### EXERCISE PROMPT
Please repeat the lines below, exactly and only, from the one that holds "the Abbe Prevost" through the one that holds "I am at peace".

### DATA EXTRACTS
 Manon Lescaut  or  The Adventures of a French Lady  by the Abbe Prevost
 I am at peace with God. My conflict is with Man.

...

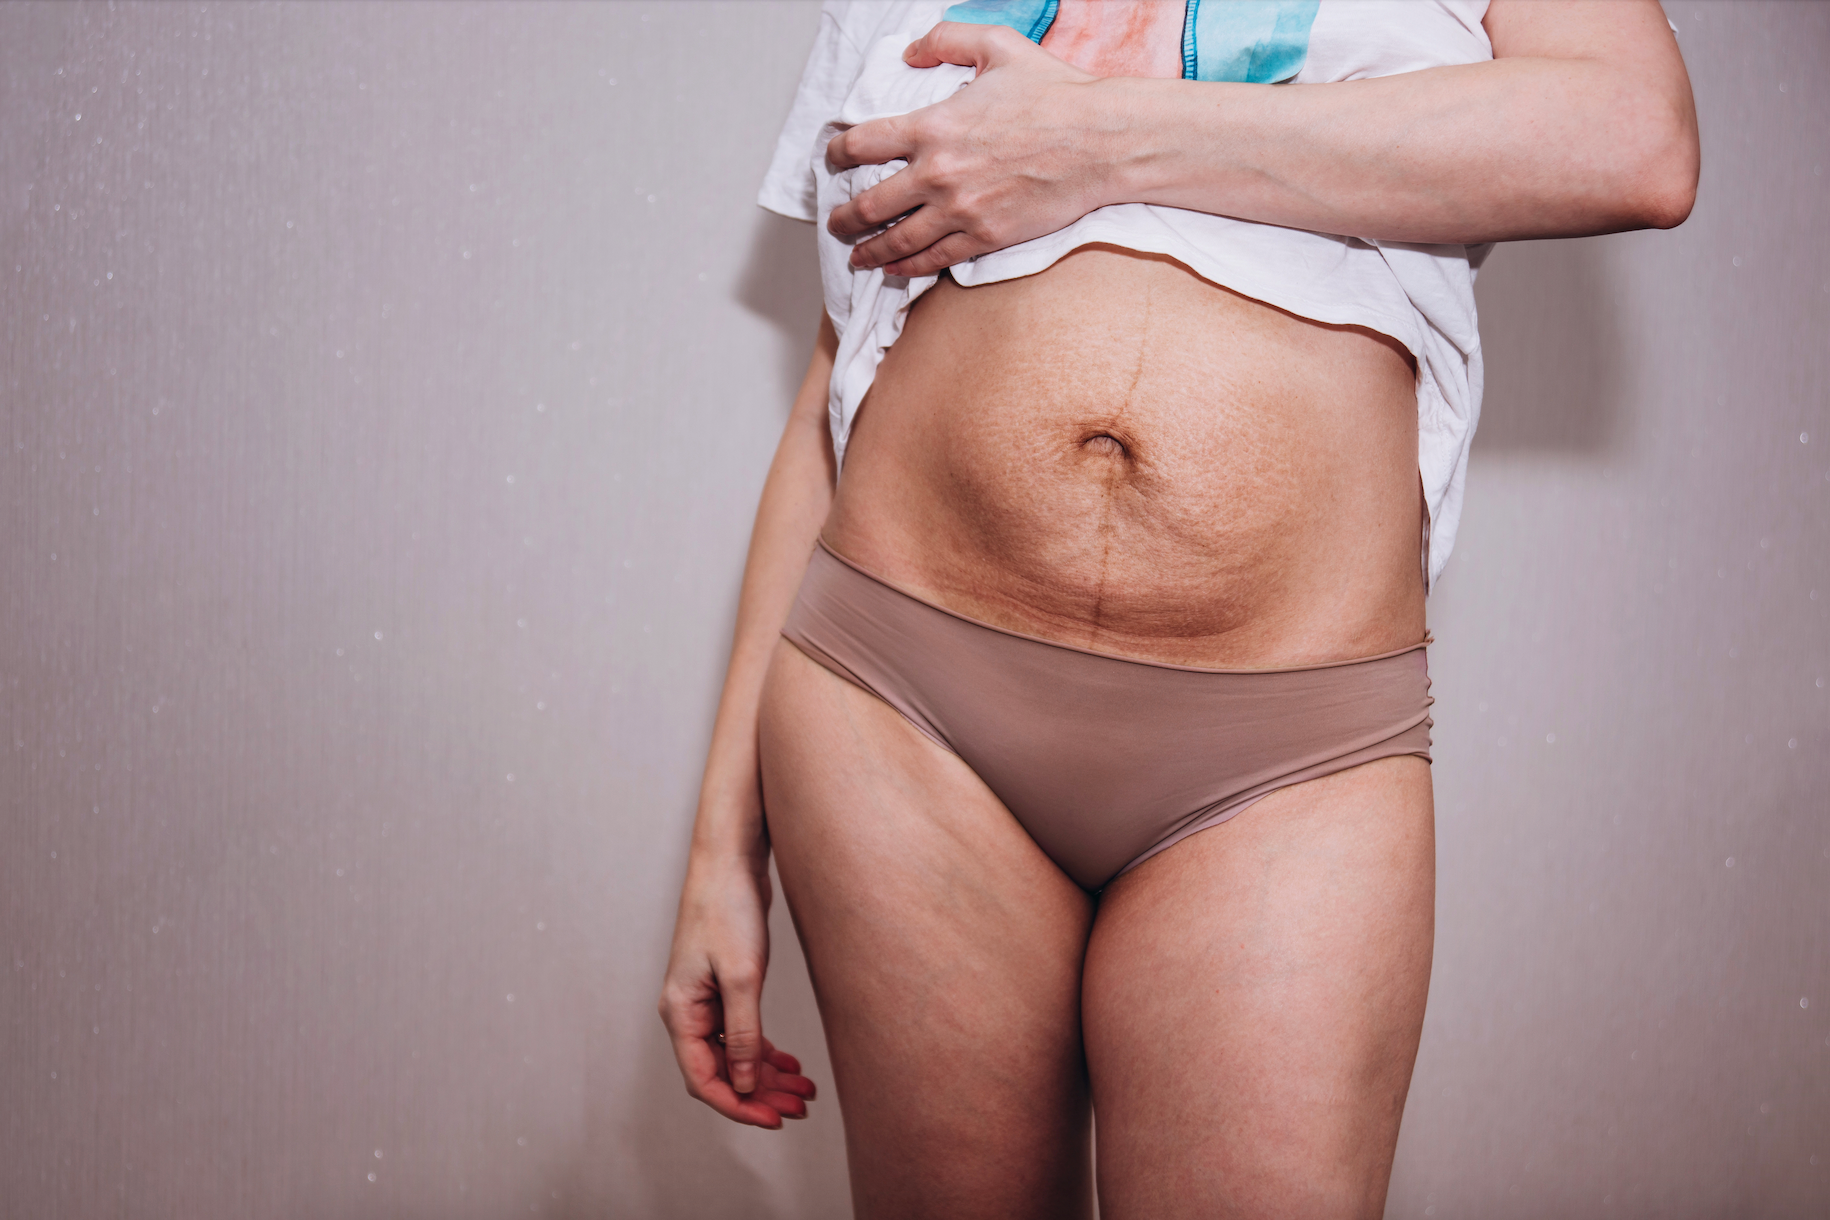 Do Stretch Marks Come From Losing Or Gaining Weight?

### WRITTEN SOLUTION
 Manon Lescaut  or  The Adventures of a French Lady  by the Abbe Prevost
 I am at peace with God. My conflict is with Man.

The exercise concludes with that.